The independent and freelance artists, musicians, venues, culture creators and curators have received a less than required amount (if any) of this opaque distribution of “support”. Stuck on loop soundbites from ministers claiming job done will not hide the subtle attempt to erode Britain’s spaces and purveyors of culture.
Now is the chance for the Government to change tack, identify our culture as something they are proud of to truly support it. Britain’s ability for twinning visual and sonic aesthetics across multitudes of media, form and function is one of our finest exports to the world and a marker in our history to preserve.
About SWEETSHOP: More than ever for brands operating in the fashion space, it is important to identify one’s own culture and place within it, then most importantly, ensure you are true to it.
Chasing trends or misappropriation of “culture” demonstrates a lack of authenticity and can only be a mask for a brand and the wrong one at that. Customers will see past it and longevity will not be a product of the input, particularly if communication and execution are delivered without real integrity.
At SWEETSHOP we think purpose first. Why are we creating? Why are we developing? A concept, a product, an outcome? Always identify purpose first and this will answer some questions to the Culture you are striving to deliver and partake in.

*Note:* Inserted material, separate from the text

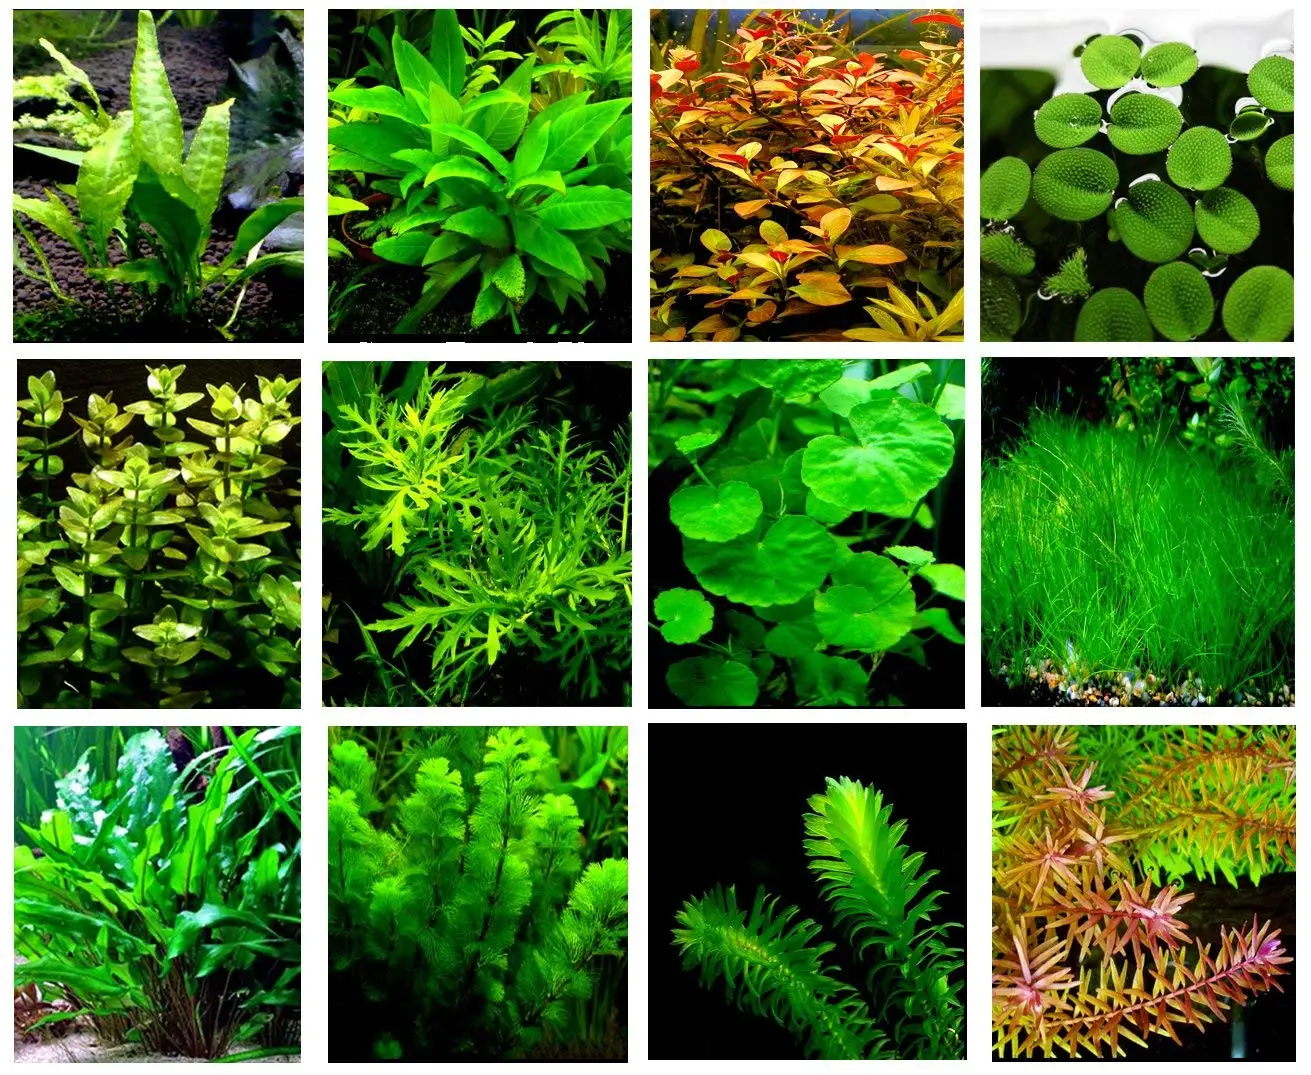 аквариумные растения каталог с фотографиями и названиями

If lockdown has slowed the pace of business, this is the time to utilize as a moment of reflection both front and back house to ensure your business is delivering on the mission outcome it intended. Is it delivering the right message, not only to its customers but also its staff?
A brand is not just a composite of what’s on rails or delivered in boxes, but is a reflection of the team and value that drives its creation and purpose, a reflection of their own culture. Brands that live and breathe the values they offer the customer are the ones who will settle and find their place within culture, and a continued existence in our time.